We also overexpressed the POS1 alleles (POS1-P106, POS1-P58 and POS1-P64) in P. floridana via Agrobacterium-mediated transformation driven by a 35S promoter. Multiple, independent T1 transgenic lines were regenerated, and lines with obvious phenotypic variations were further characterized in their T2 progeny (Supplementary Fig. 7). In comparison with WT, the size of all reproductive organs was increased (Fig. 4c,d; Supplementary Fig. 8a–e). Mature floral organs, including the calyx, corolla, stamen and carpel became significantly larger in these transgenic plants (P≤4.24E−14) (Fig. 4c). The increase in the size of reproductive organs was 18.97–43.91% over the WT flowers (Supplementary Table 3). The size of the mature berry and seed also increased significantly (P≤1.06E−24) by 21.37–29.75% compared with the WT organs (Fig. 4d; Supplementary Fig. 8f–i; Supplementary Table 3).

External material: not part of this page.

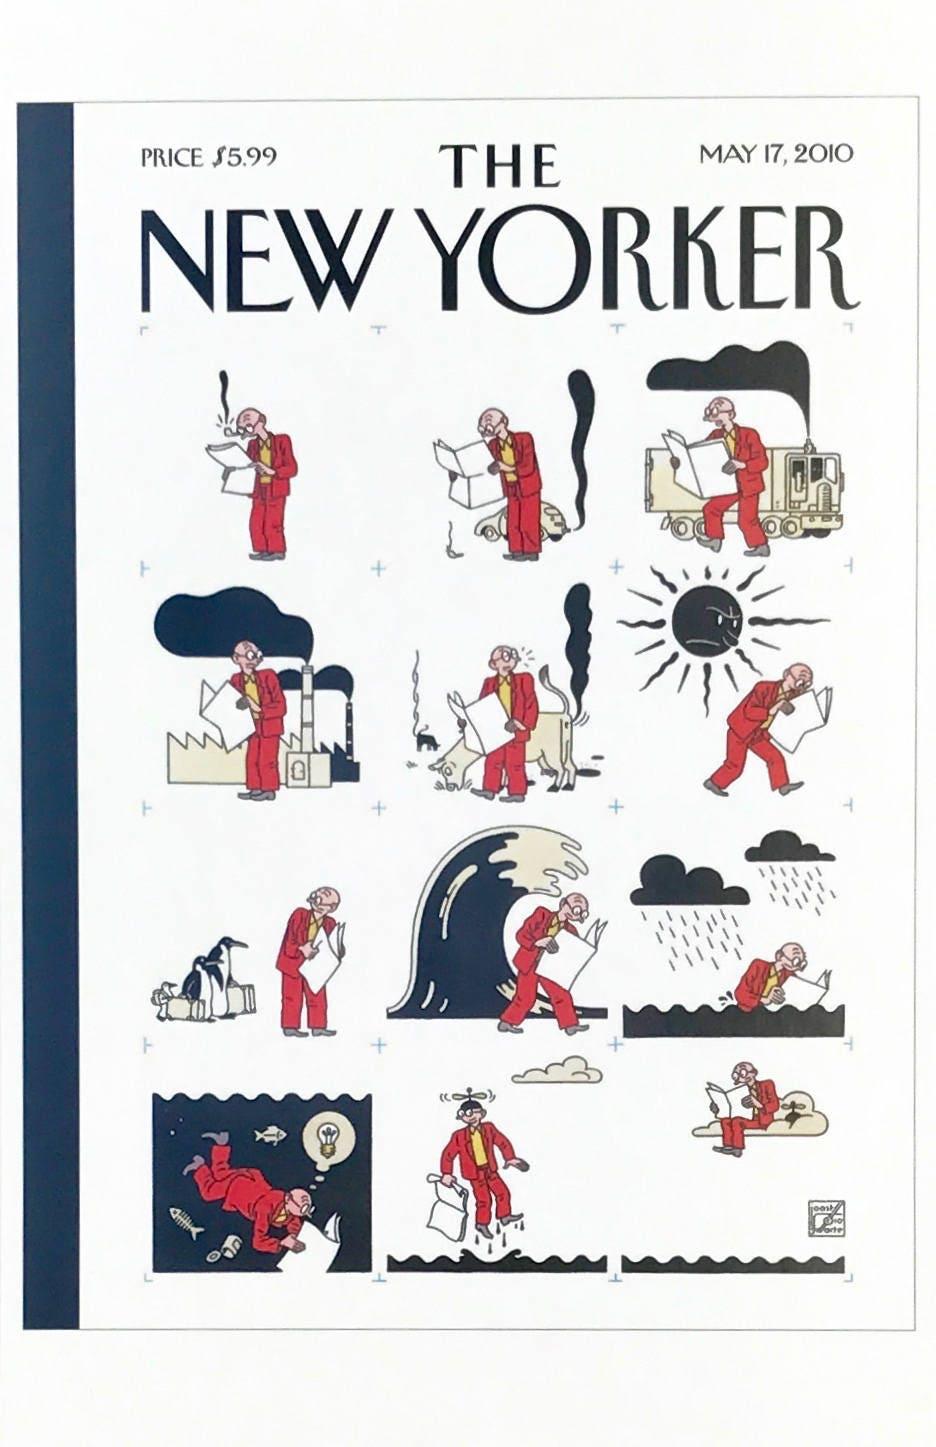 Postkarte mit einem berühmten \'New Yorker\' Cover die

The overexpressed lines showed a larger ICS as compared with the WT plants (Supplementary Fig. 8f). POS1-P58- and POS1-P64-overexpressing transgenic lines of P. floridana showed similar phenotypic variations (Fig. 4c,d; Supplementary Figs 9 and 10). However, the seed number per berry was not affected in all of the POS1 overexpressors (P≥0.06, Supplementary Fig. 11).

Therefore, a higher expression of POS1 alleles induced a bigger organ size while silencing this gene resulted in reduced organ size.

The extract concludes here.